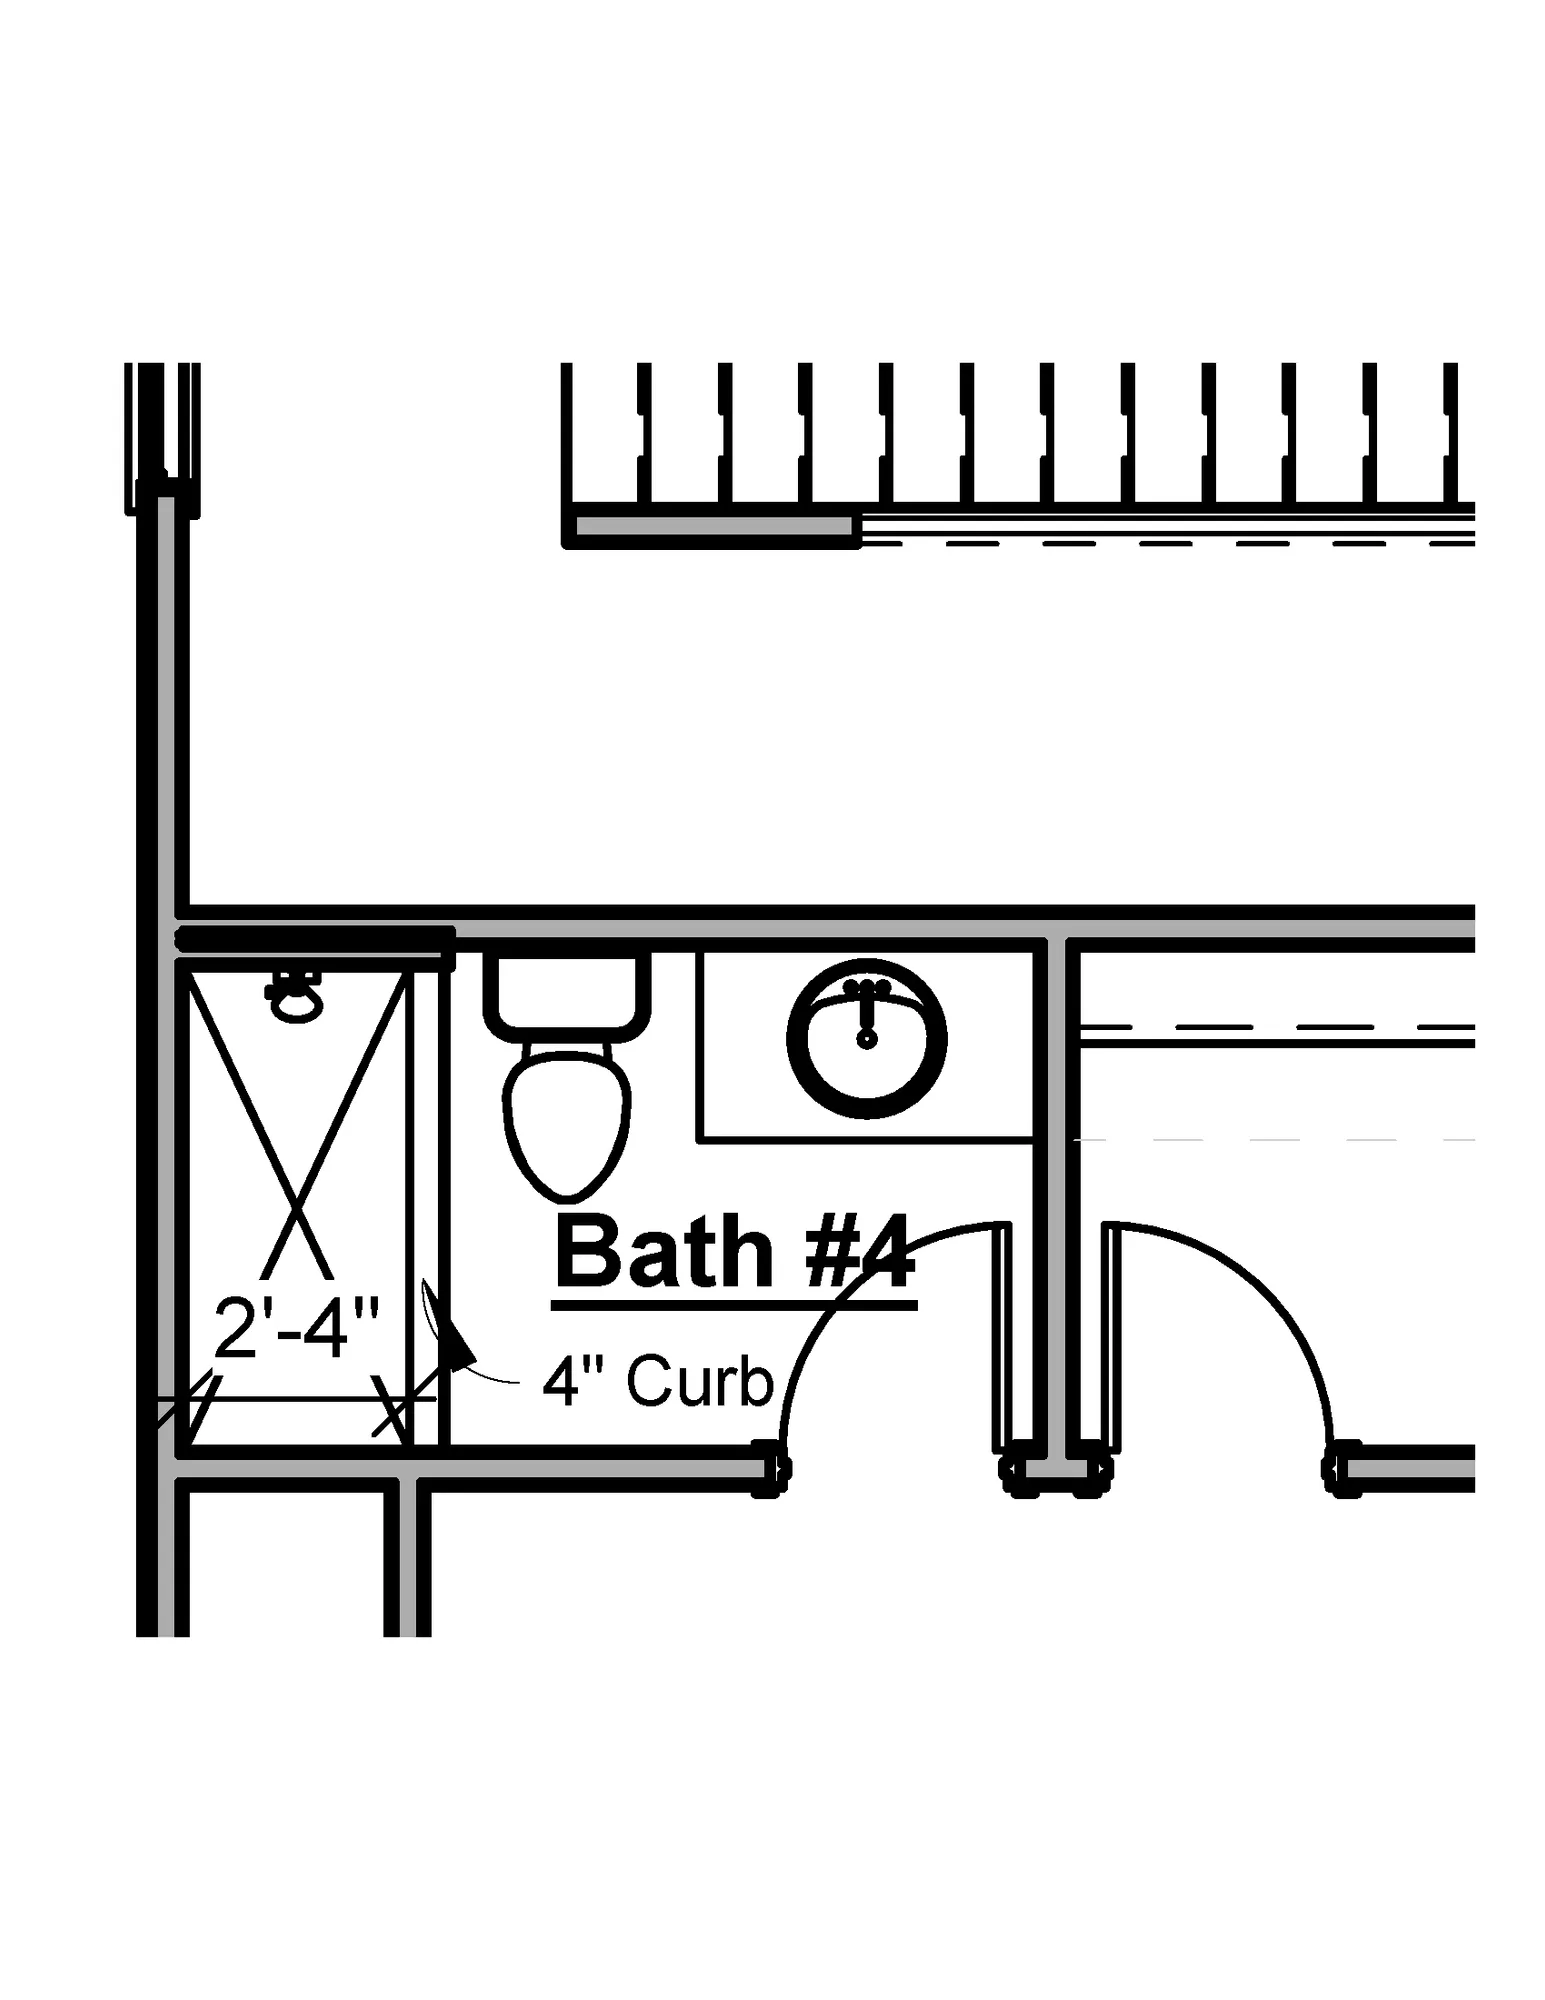 5th Bedroom Bath 4 Tile Shower - undefined
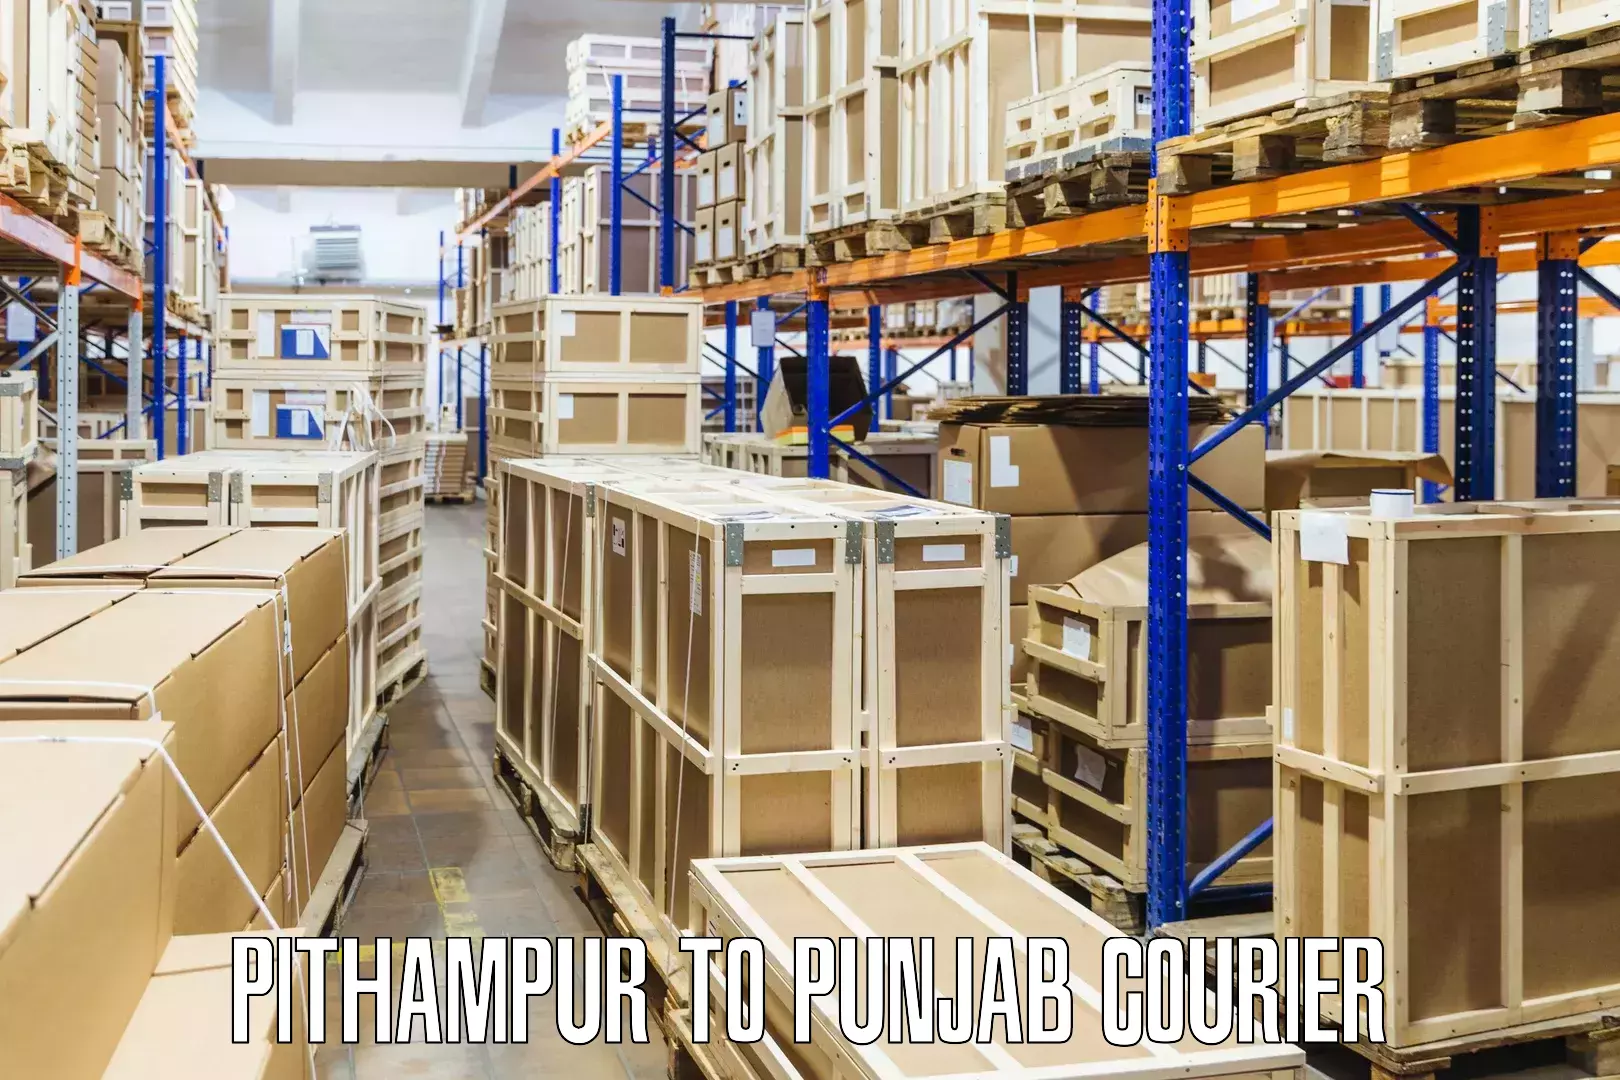 Express shipping in Pithampur to Jalandhar
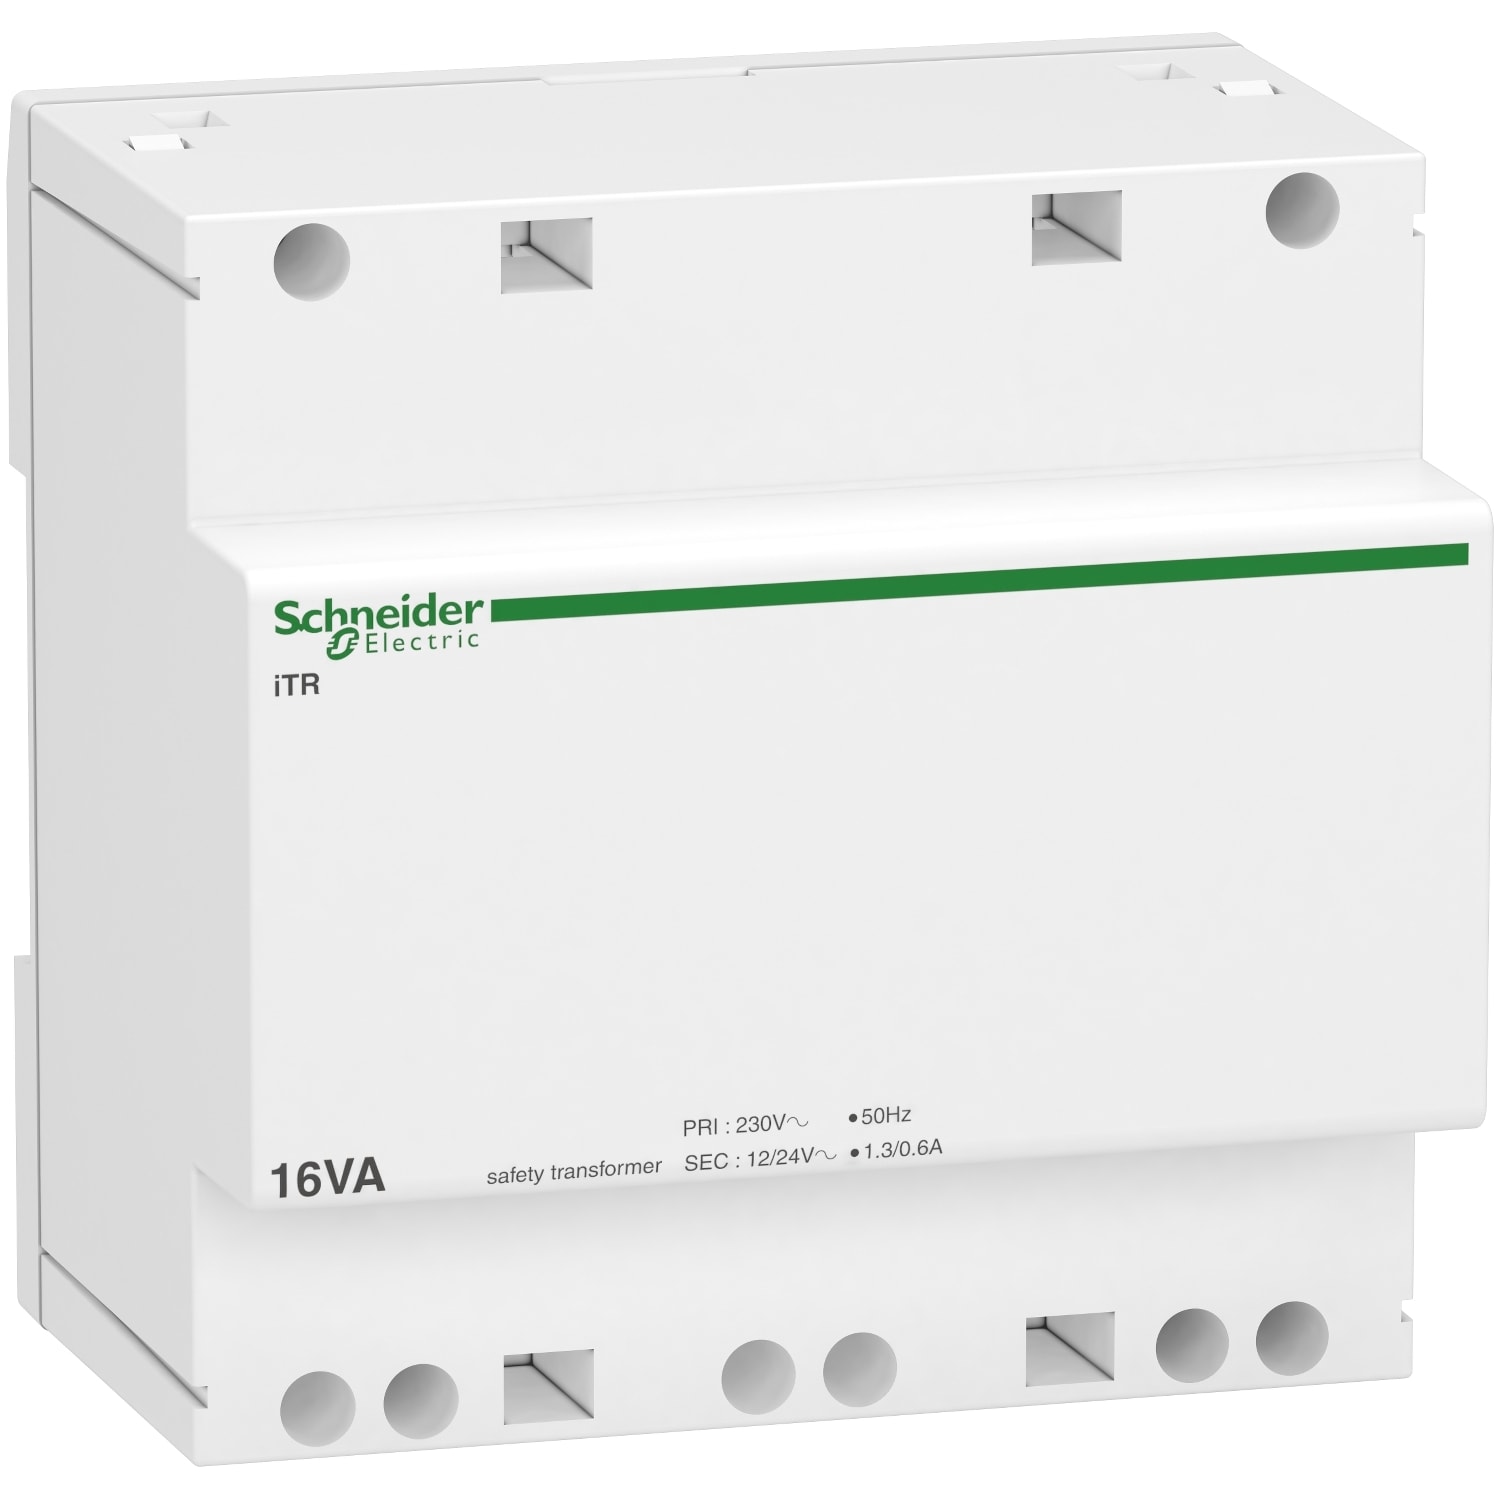 Schneider Electric - Acti9 iTR - transformateur de securite - 16VA - 230Vca-12-24Vca

○ ○ ○

▶ [Goal of the exercise]:
Every line above should be duplicated exactly; the pictures are to be left out.

▶ [Response below]:
 5th Bedroom Bath 4 Tile Shower - undefined
 Express shipping in Pithampur to Jalandhar
 Schneider Electric - Acti9 iTR - transformateur de securite - 16VA - 230Vca-12-24Vca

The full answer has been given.